About this task>
From the first line of the listing below through the line with "Umbro x Sucux", transcribe exactly and skip the pictures.

Data excerpt>
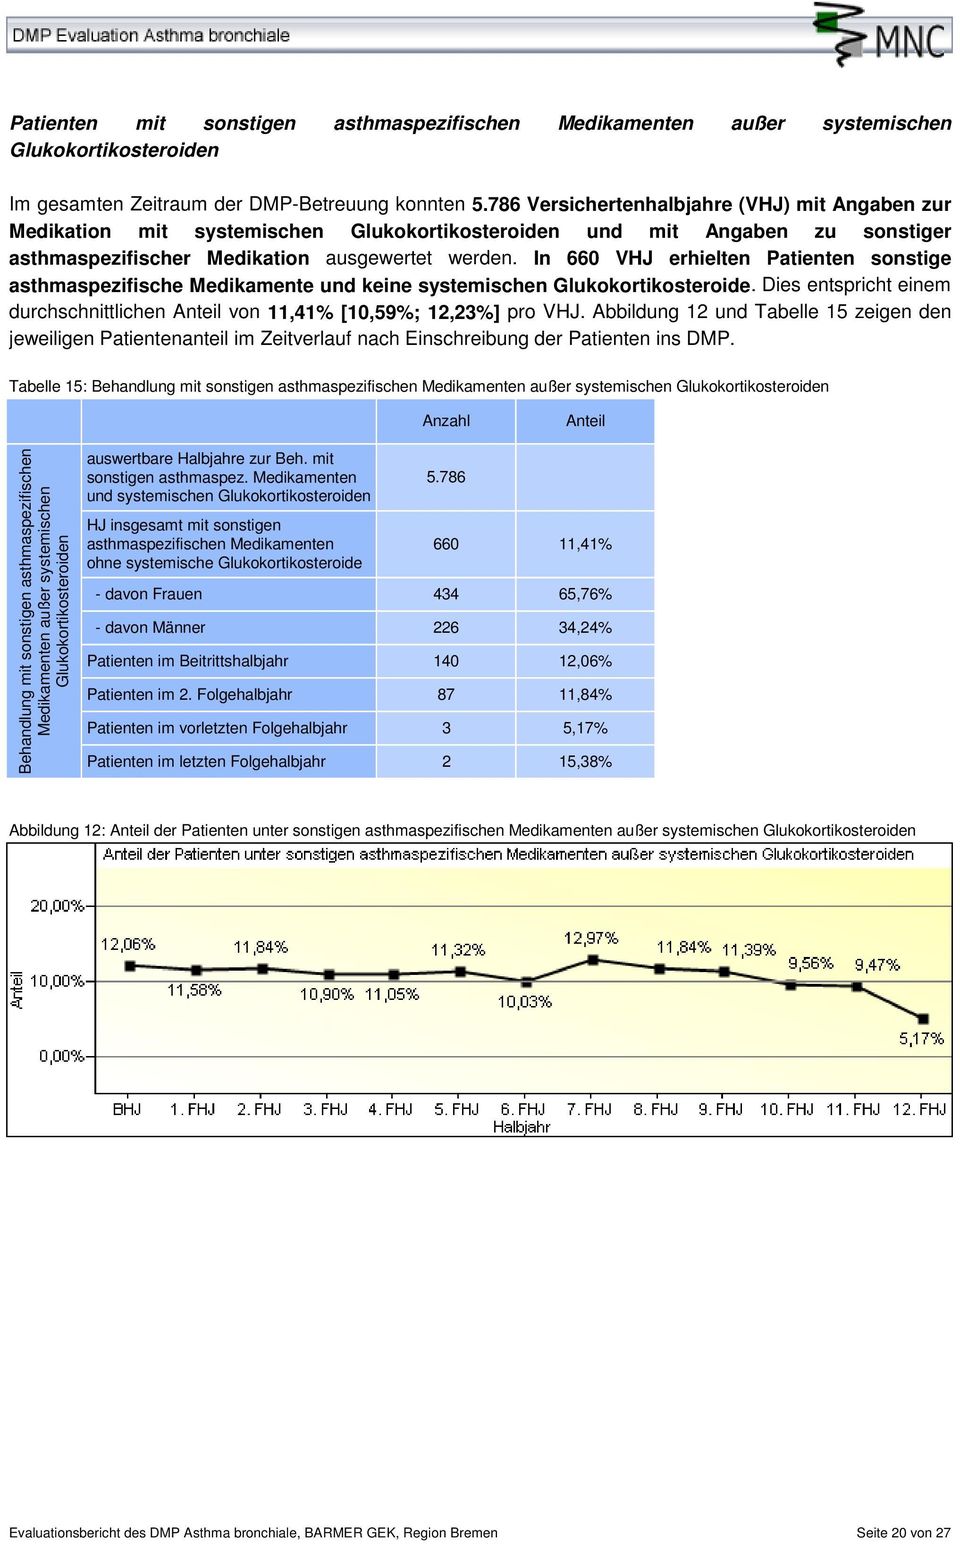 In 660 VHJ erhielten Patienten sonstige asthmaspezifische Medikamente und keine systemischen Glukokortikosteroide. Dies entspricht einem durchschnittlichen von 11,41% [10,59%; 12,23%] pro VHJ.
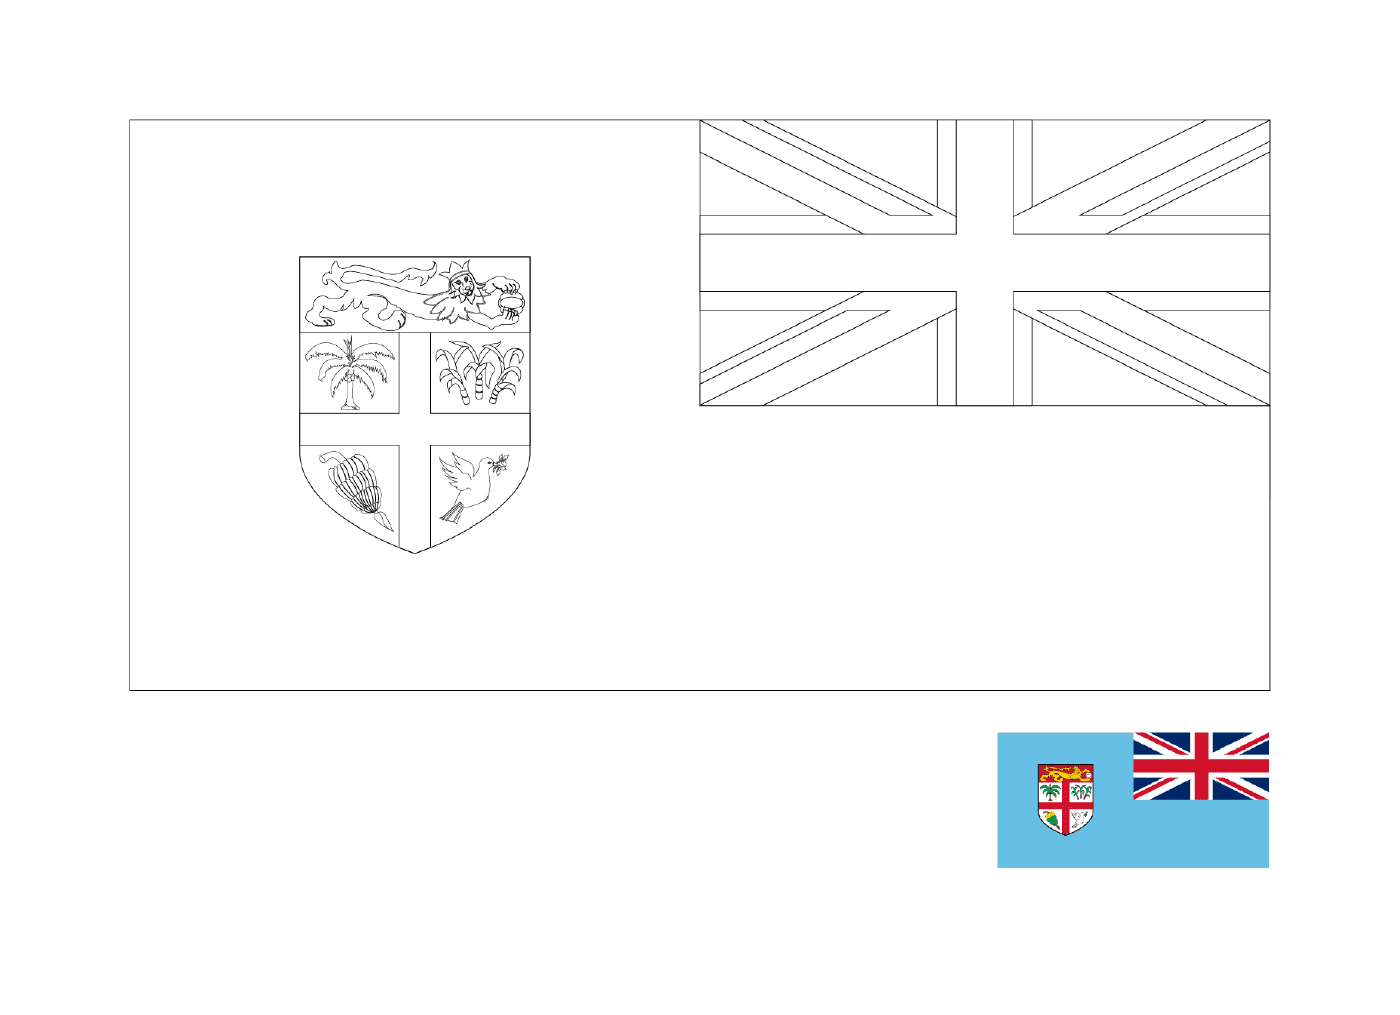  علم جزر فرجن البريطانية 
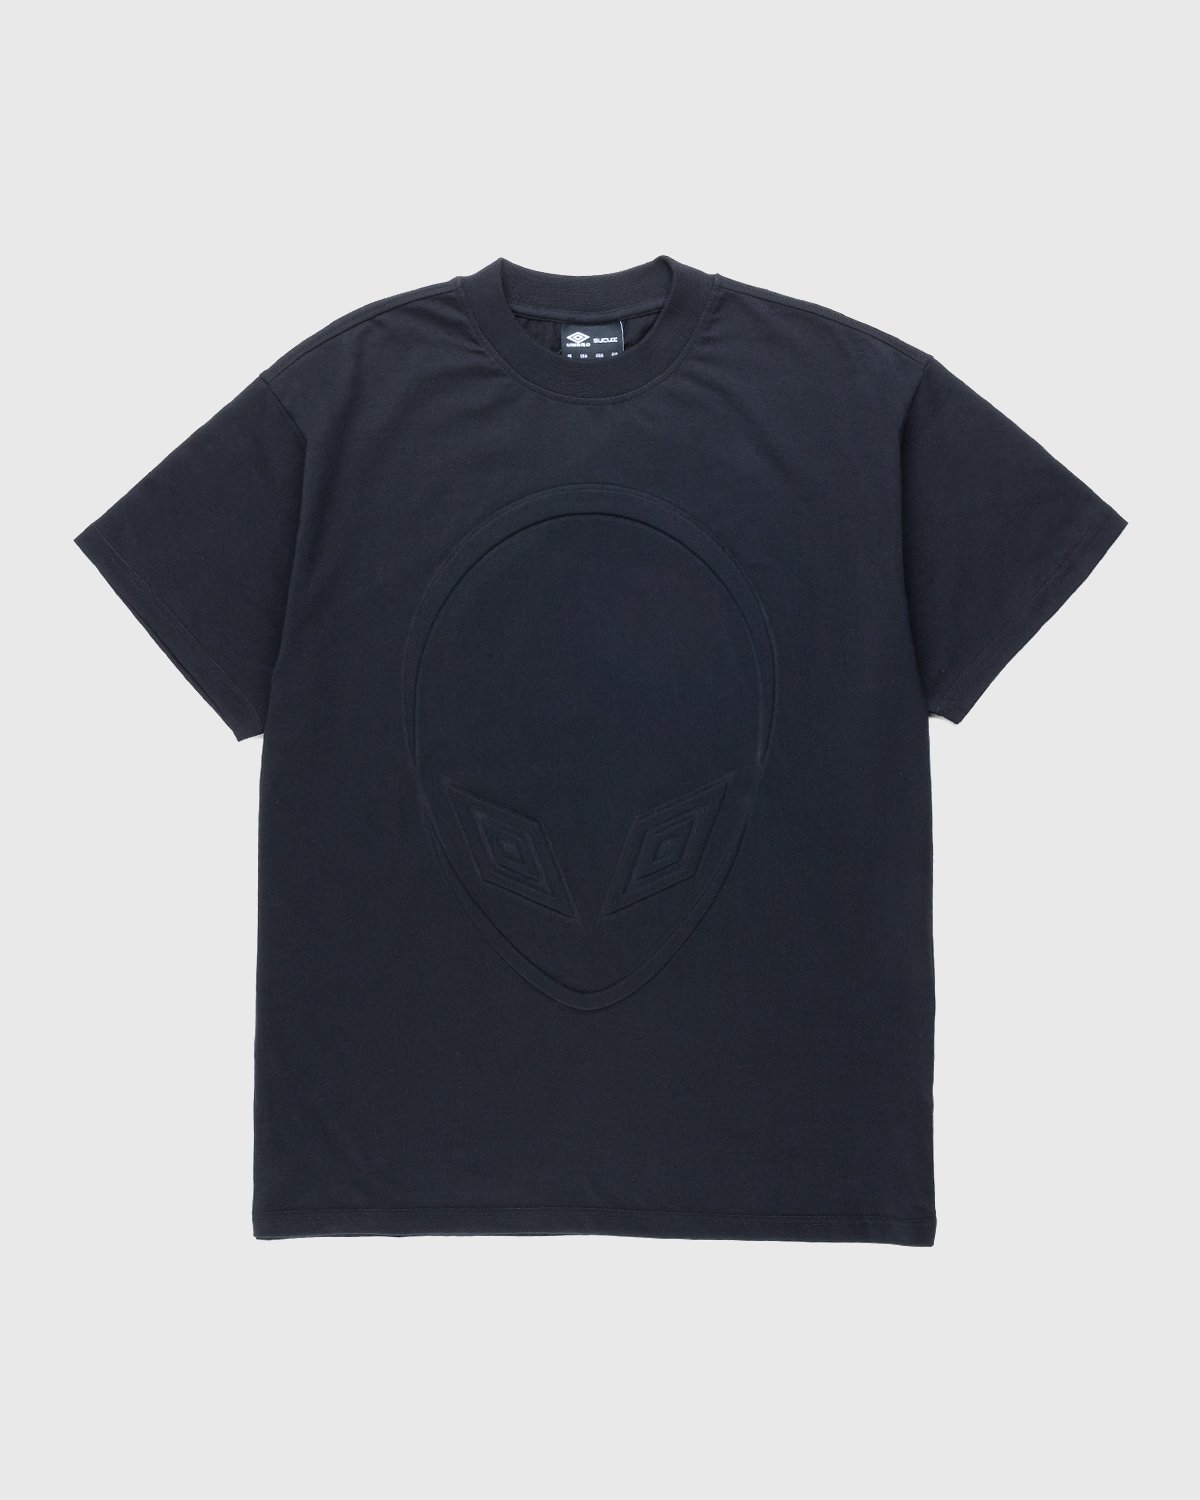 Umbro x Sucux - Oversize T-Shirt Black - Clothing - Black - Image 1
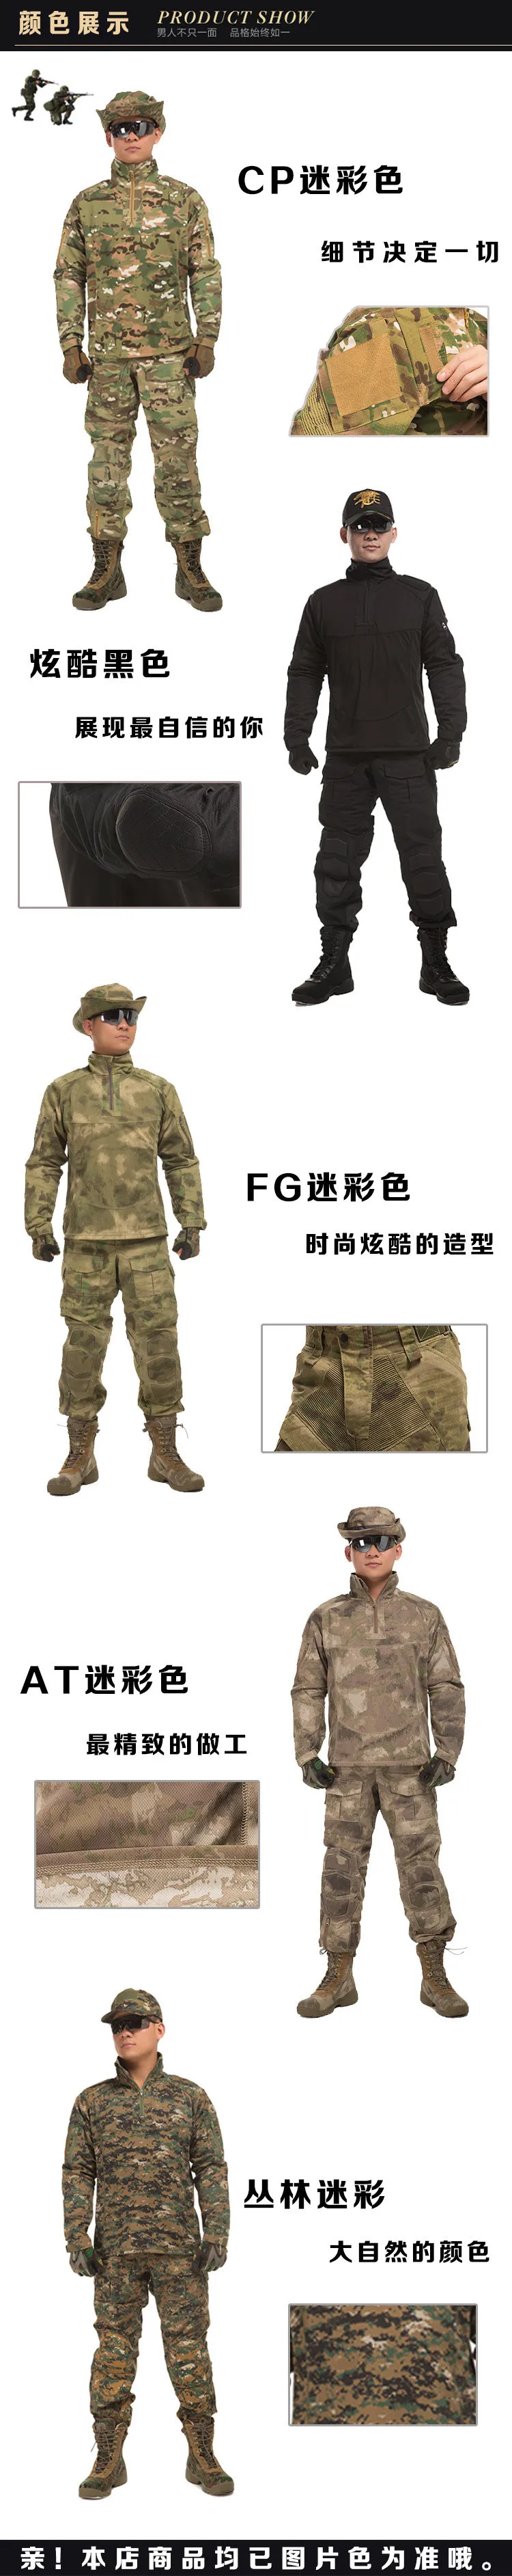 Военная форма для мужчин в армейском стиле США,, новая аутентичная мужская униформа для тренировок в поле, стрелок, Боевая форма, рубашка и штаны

Written answer>
 In 660 VHJ erhielten Patienten sonstige asthmaspezifische Medikamente und keine systemischen Glukokortikosteroide. Dies entspricht einem durchschnittlichen von 11,41% [10,59%; 12,23%] pro VHJ.
  علم جزر فرجن البريطانية 
 Umbro x Sucux - Oversize T-Shirt Black - Clothing - Black - Image 1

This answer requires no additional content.